While Knapp is not convinced that a lowered drinking age is the best route towards abating the problem, University of Maryland President C.D. Mote Jr. said he sees benefits in changing underage consumption laws. He signed the initiative after witnessing the effects of dangerous binge drinking in College Park, Md.

“My concern is for the health and safety of our students,” Mote wrote in a statement. “Alcohol use, and especially its abuse, is a health and safety threat to many University of Maryland students, just as it is to students at colleges and universities across the country.”

Grace Kronenberg, a spokesperson for the Amethyst Initiative, which takes its name from the ancient Greek words meaning “not intoxicated,” warns that the recent hype surrounding the petition has been skewed.

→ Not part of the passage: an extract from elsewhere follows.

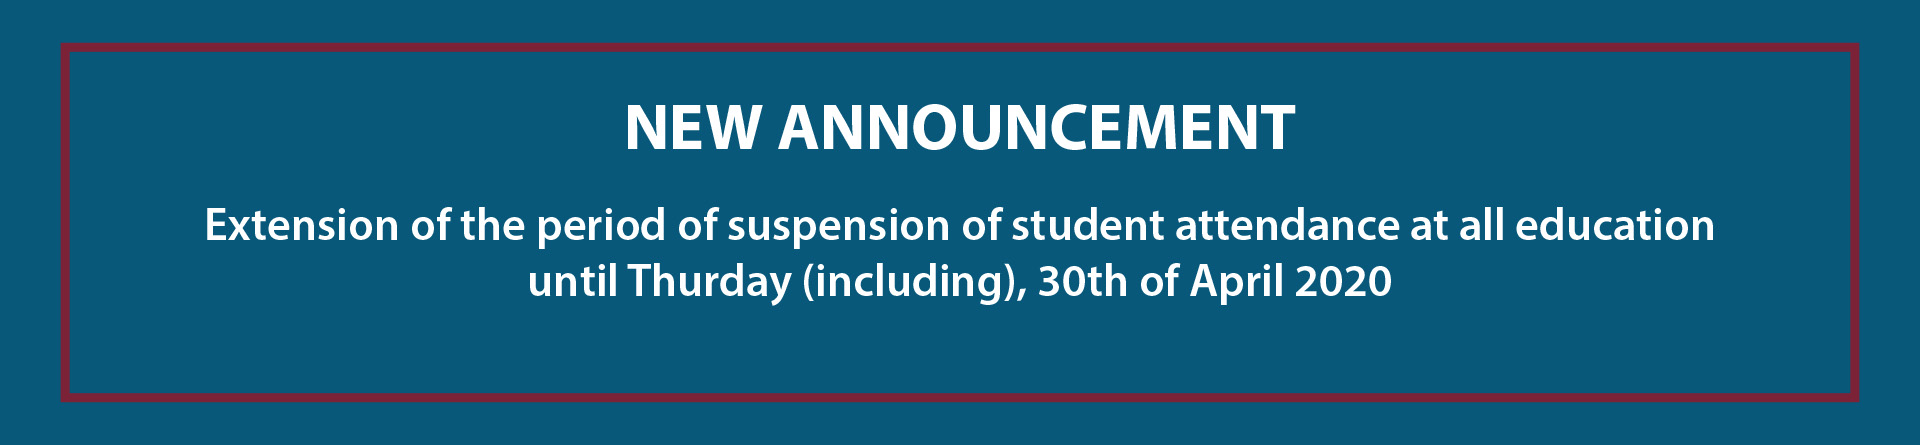 New extension of the period of suspension of student attendance until April 30th, 2020

“Despite how this has been covered in the past week, this is not a legislative call to lower the drinking age,” Kronenberg said. “This is meant to open the discussion that has been going on for 25 years.”

She said this a “long term, no deadline initiative,” not a quick fix to the problem.

“We’ve been pleased to present a unified front who are courageous enough to speak up on this issue,” Kronenberg said. “But we know that this is a difficult decision for campus leaders, especially when under media scrutiny.”

GW sophomore Andrew Breest is the creator of the Facebook group called “1,000,000 Strong for the Amethyst Initiative: Lower the Drinking Age to 18.” After only one week, group members numbered more than 5,000 members nationwide.

Breest said the current drinking age “is clearly not working.”

He said, “I see that the (Amethyst Initiative) has the potential to help curb this dangerous activity of binge drinking not only at GW but at college campuses across the country.”